Paul Donovan's Living, Oozing, Exploding Universe.

By Ian Johnston               The setting may be a violent, gooey world of insect spaceships, drug-addicted cannibals and horny sex slaves, but the philosophy is down to earth. "I think humans are a flawed species, and out characters will reflect that," said Paul Donovan, the creator of LEXX: THE DARK ZONE STORIES, a new Canadian TV science fiction/dark comedy to premiere on Showtime in January.
        "STAR TREK tells us that honorable deeds and pure thoughts will make the world a better place. I find that hard to relate to and very boring. Whereas, I can identify with someone who runs when they're shot at. They just don't want to die. The have reluctant morality."
        Reluctant with good reason. Being honorable and pure in THE DARK ZONE can get you killed in a painful, bloody manner. And being dead in THE DARK ZONE is no walk in the park either. "It's survival of the fittest," said Donovan. "And although out characters will try, in their own bumpy way, to do the right thing, basically they're just in it for themselves. If a planet deserves to be blown up, its blown up."
        Several worlds do indeed blow up real good in the four, two-hour TV movies that currently make up LEXX: THE DARK ZONE STORIES. Budgeted at just under $15 million, LEXX was shot in Halifax, Nova Scotia, and at Berlin's legendary Babelsberg Studios last year, using a crew and cast of Canadians and Germans, as well as such well-knows actors as Rutger Hauer, Malcolm McDowell, Tim Curry, and Barry Boswick.

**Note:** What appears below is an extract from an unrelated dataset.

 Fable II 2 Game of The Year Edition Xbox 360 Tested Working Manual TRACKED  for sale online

German actress Doreen Jacobi as Wist, a beatiful inhabitant of Kaagya--a planet made up entirely of garbage.
        But the most important component of LEXX is creator Donovan, a 42-year-old Halifax native whose previous work includes such darkly comic low-budged science fiction features as DEF CON 4, NORMANCICUS (aka NORMAN'S AWESOME EXPERIENCE) and TOMCAT. LEXX is easily his most ambitious project to date, employing a mammoth amount of computer-generated effects to bring its bizarre universe to life.

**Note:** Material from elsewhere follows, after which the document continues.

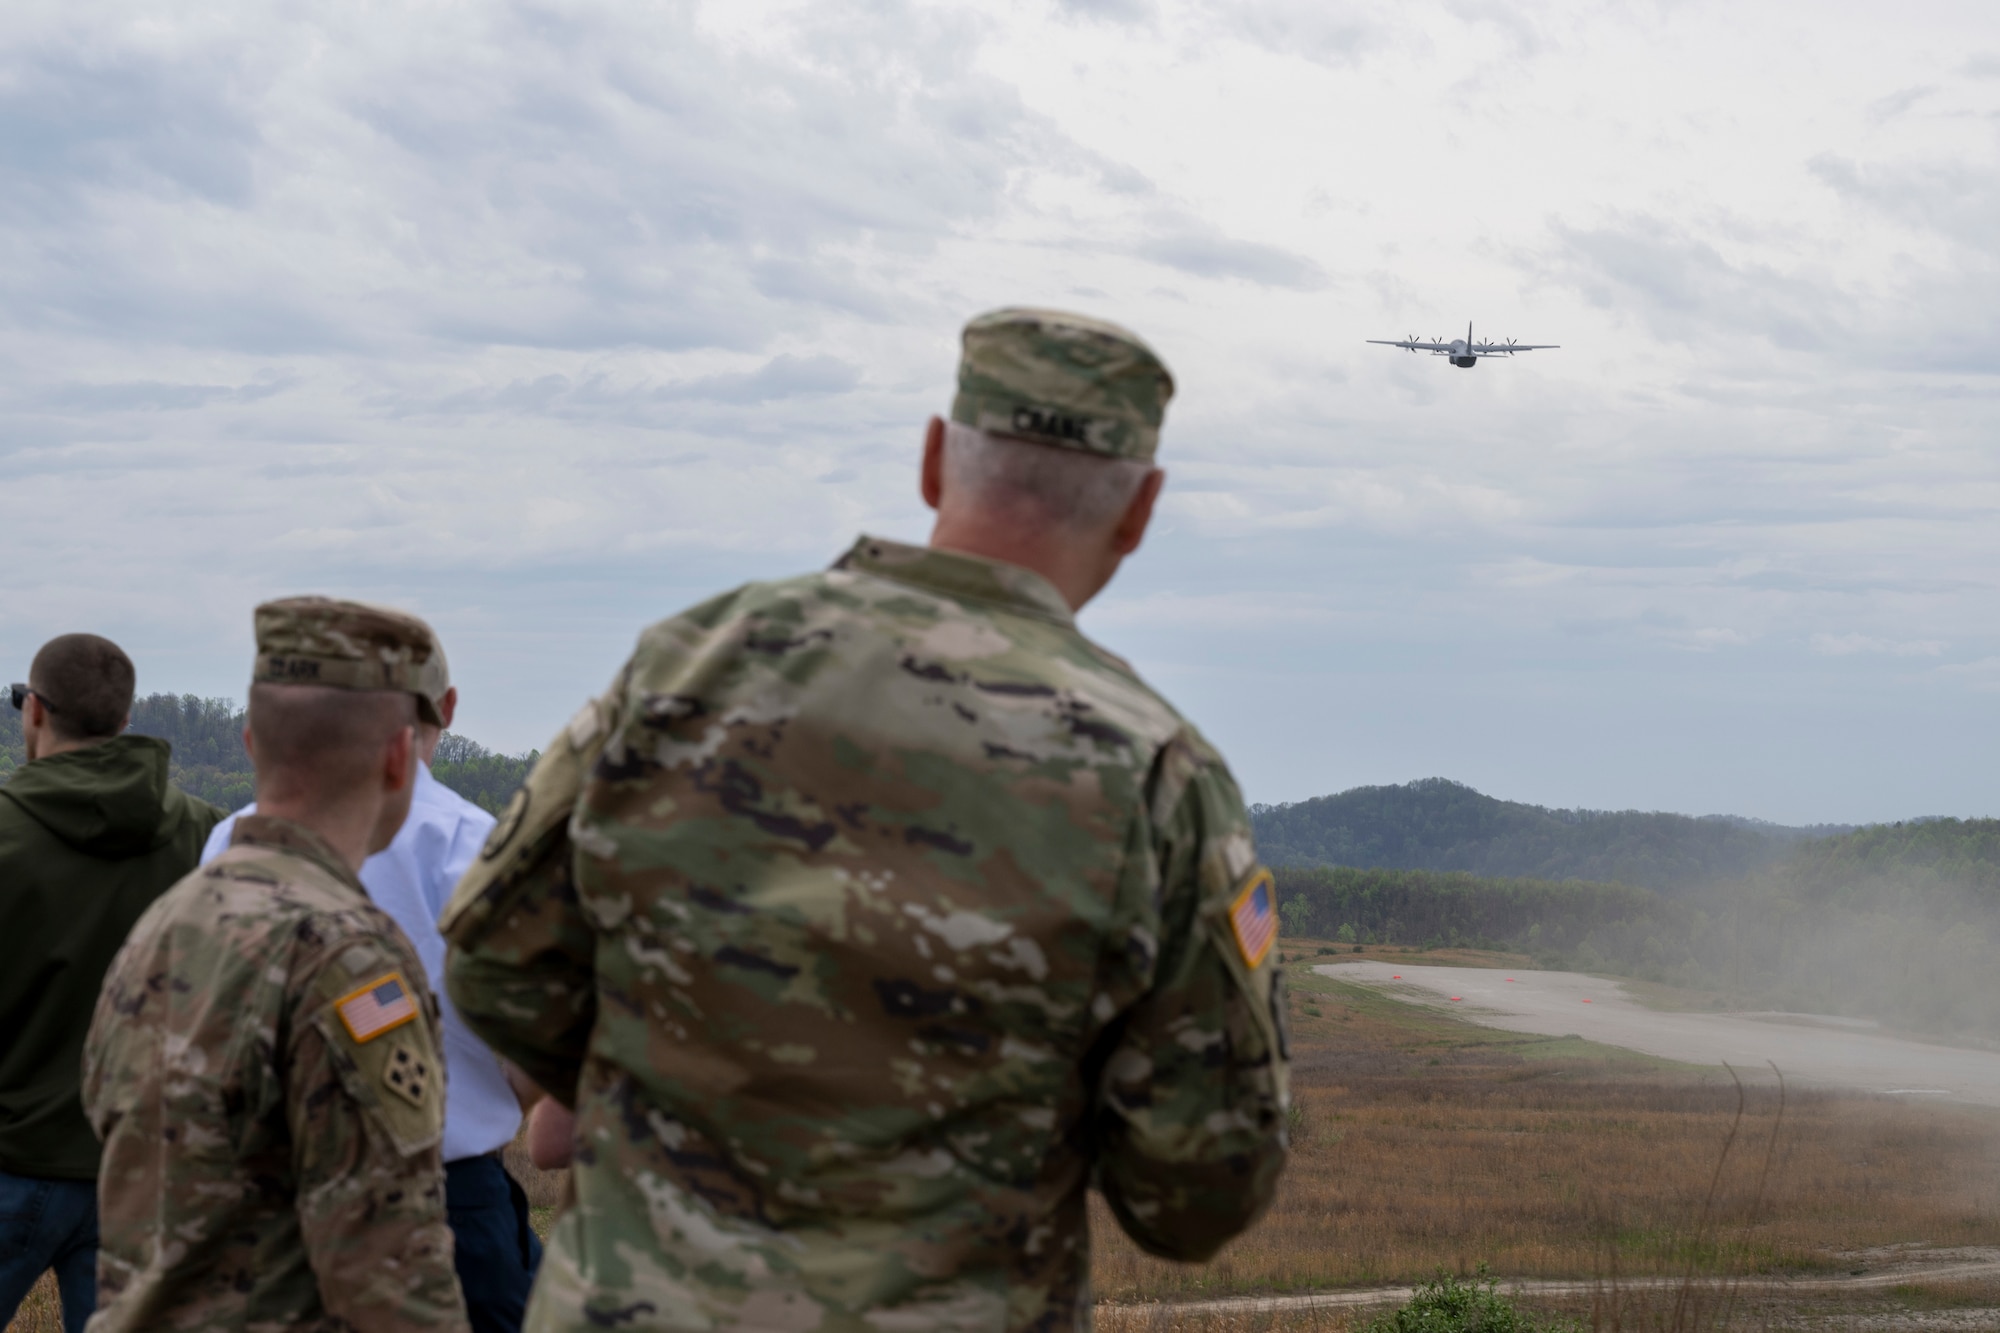 A U.S. Air Force C130J-30 assigned to the 130th Airlift Wing, West Virginia Air National Guard, takes off from an unpaved runway as Distinguished Visitors (DV) look on during Sentry Storm 24 DV Day, April 17, 2024, at Camp Branch, Logan County, W.Va. Sentry Storm is an exercise staged at McLaughlin ANGB in Charleston, Camp Branch in Logan County, Shepherd Field in Martinsburg and in the skies over West Virginia, involving an estimated 500 personnel from the state’s Air and Army National Guard, partnering National Guard units form Kentucky, North Carolina, and Michigan, as well as Civil Air Patrol units. (U.S. Air National Guard photo by 2nd Lt. De-Juan Haley)

        "It's ambitious in what we are trying to pull off--yes," said Donovan. "The computer-generated imagery and the advances in it allowed us to pull it off on a TV budget. But even so, I think we're close to being the highest-budgeted show ever produced in Canada."
        The four TV movies--an "extended pilot"--follows the adventures of three fugitives who, through a series of accidents and ineptitude, find themselves at the controls of a tyrannical universe's most powerful spaceship--the LEXX. The Manhattan-sized craft is a living, breathing, insect that has been surgically altered, and feeds on organic material--usually unlucky prisoners.
        "When we were coming up with a name for the ship, we wanted something that worked in all languages, and didn't translate," said Donovan. The name LEXX is also something of an in-joke, as it is also a variation on the name of one of the show's writers--Lex Gigeroff.
        "Well it wasn't my idea, it was Paul's," said Gigeroff, a Darmouth, Nova Scotia writer whose previous writing experience has mostly cone in the theatre. "But it's all part of my plan to rename the world in my honor."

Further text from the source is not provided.